No recordaba haber visto un horizonte dibujado con tanta nitidez. Como trazado con un tiralíneas. Así, desierta, la playa tenía cierta dignidad. Entre la costa vacante y la lejanía, un poco más acá del horizonte, la procesión de toninas giraba sobre sí misma. Javier aspiró con fruición aquel aire salitroso. Y, casi sin proponérselo, empezó a bajar. A bajar por la pendiente de la memoria.
En otra playa, más al Este, quizá con una franja más ancha de arena y con un horizonte no tan finamente trazado, con treinta años menos, claro, había conocido a Raquel. Bien instalada en la adolescencia, con un aura de virginidad que todavía se usaba a mediados de los sesenta, discretamente custodiada por hermanos y hermanas, primos y primas, y no demasiado consciente de su desbordante simpatía y de su cuerpo recién acabado de moldear, nerviosa cuando se recogía el pelo negro y tranquila cuando se sabía mirada y admirada por los codiciosos fornidos de fin de semana, Raquel tenía un modo casi melancólico de coquetear. Cuando se desplazaba entre las dunas, lo hacía muy derechita, sin bambolear el trasero como sus primas querendonas ni acariciarse morosamente los muslos con el pretexto de quitarse la arena. Miraba y frecuentaba a los muchachos casi como otro muchacho, pero era consciente de que ellos sabían establecer la diferencia. La institución del topless era todavía algo inconcebible, pero imaginar lo medianamente oculto era un estimulante ejercicio y una constante revelación, de modo que cada uno de los atléticos mirones creaba su visión personal de aquellos pechitos candorosos, apenas cubiertos por una malla verde que hacía juego con sus ojos esmeralda y esbozaba, con dos leves promontorios, los pezones prematuramente enhiestos.
Frente a ese despliegue de seducción e inocencia, Javier había empezado a enamorarse. No obstante, se resistía todo lo que podía, ya que estaba convencido de que Raquel no le concedía la menor importancia, y que, en todo caso, era Marcial (un musculoso que años después iba a consagrarse vicecampeón nacional en 400 metros llanos) quien recibía sus muestras de atención.
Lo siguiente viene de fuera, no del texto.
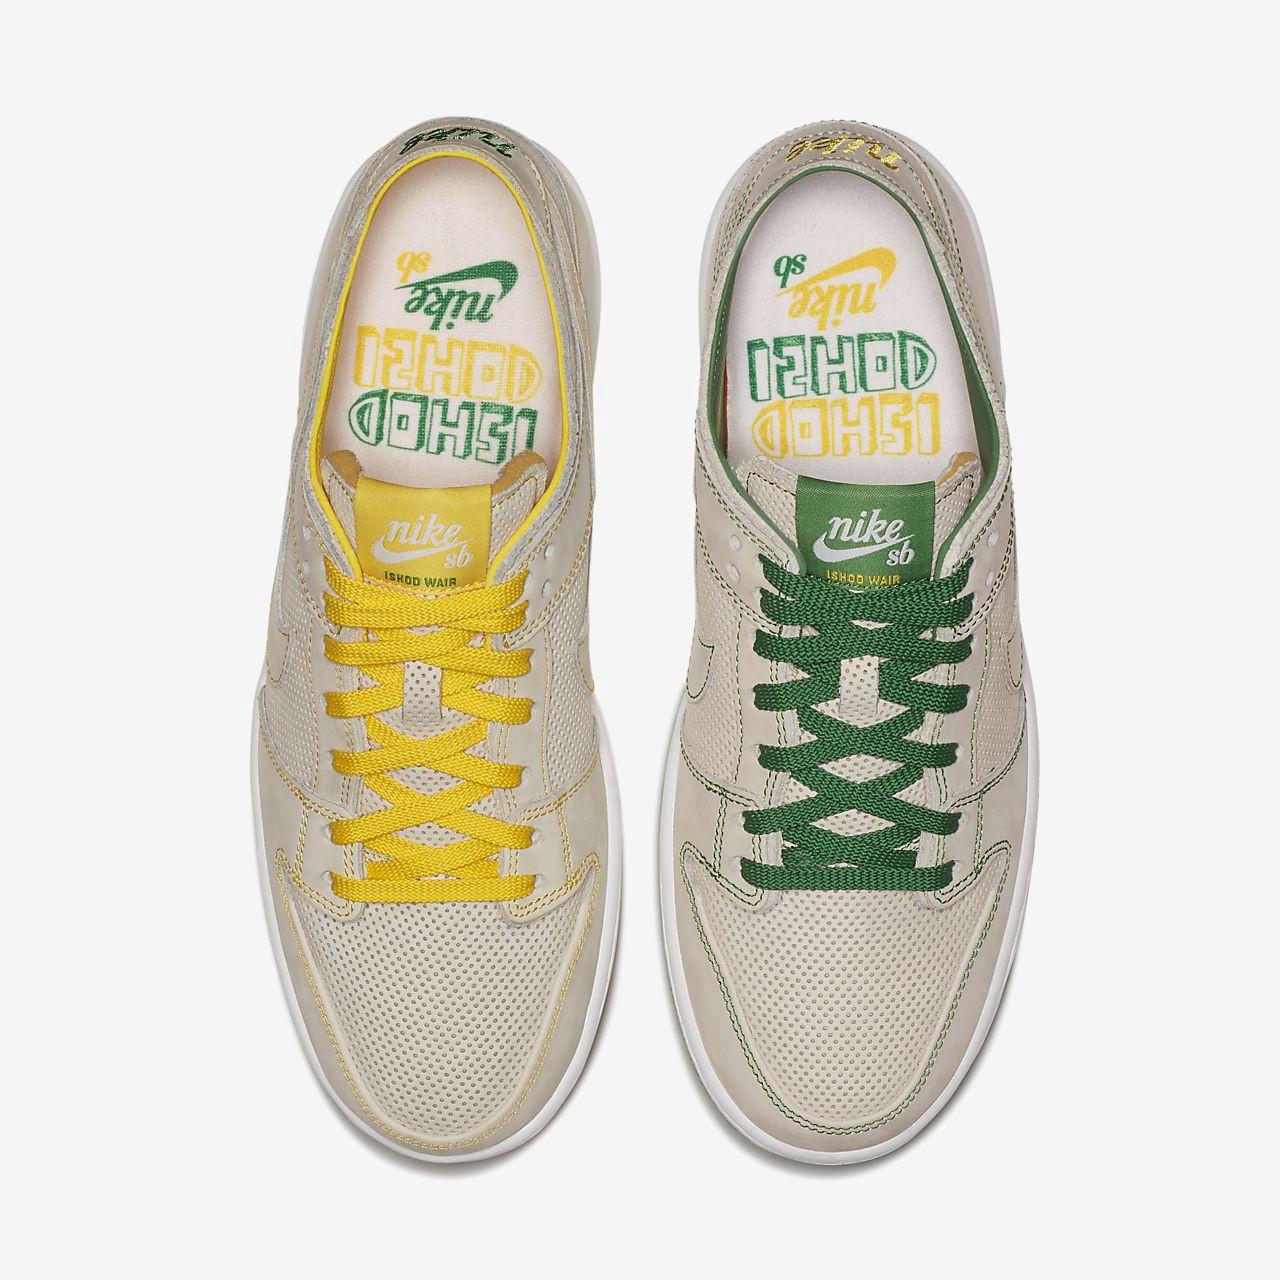 promo code 3b843 ef98a Nike Sb Zoom Dunk Low Pro Deconstructed Qs X Ishod Wair Men s Skateboarding  Shoe - 10.5

Javier acabó archivando sus secretas pretensiones cierta luminosa mañana en que asistió por azar a un encuentro no programado del musculoso y la bella. Ambos estaban junto a la orilla, apenas a dos metros de Javier. El agua mojaba los grandes y toscos pies de Marcial y los breves y perfectos de ella, y cuando el futuro vicecampeón preguntó, entrador: «¿Qué te pasa que hoy estás tan linda?», ella enrojeció tan visiblemente que Javier sintió que el ánimo le bajaba hasta los meniscos, y, simulando indiferencia, se puso a caminar con parsimonia, como si intentara pisar las olitas que morían entre cantos rodados. De vez en cuando recogía alguno y lo arrojaba al mar con toda su fuerza, como quien se desprende de ilusiones, de sentimientos, de algo así.
Dos gaviotas que desfloraron su soledad y quebraron la mansedumbre del crepúsculo, tironearon de nuevo a Javier hasta su presente de recién regresado. Pensó en otra (o la misma) Raquel, la que había quedado en Madrid. Sintió frío en los hombros, en el estómago, en las rodillas. Las mujeres, las pocas mujeres de su vida, le habían dado calor, y ahora echaba de menos esos brazos, esos vientres, esos labios, esas piernas.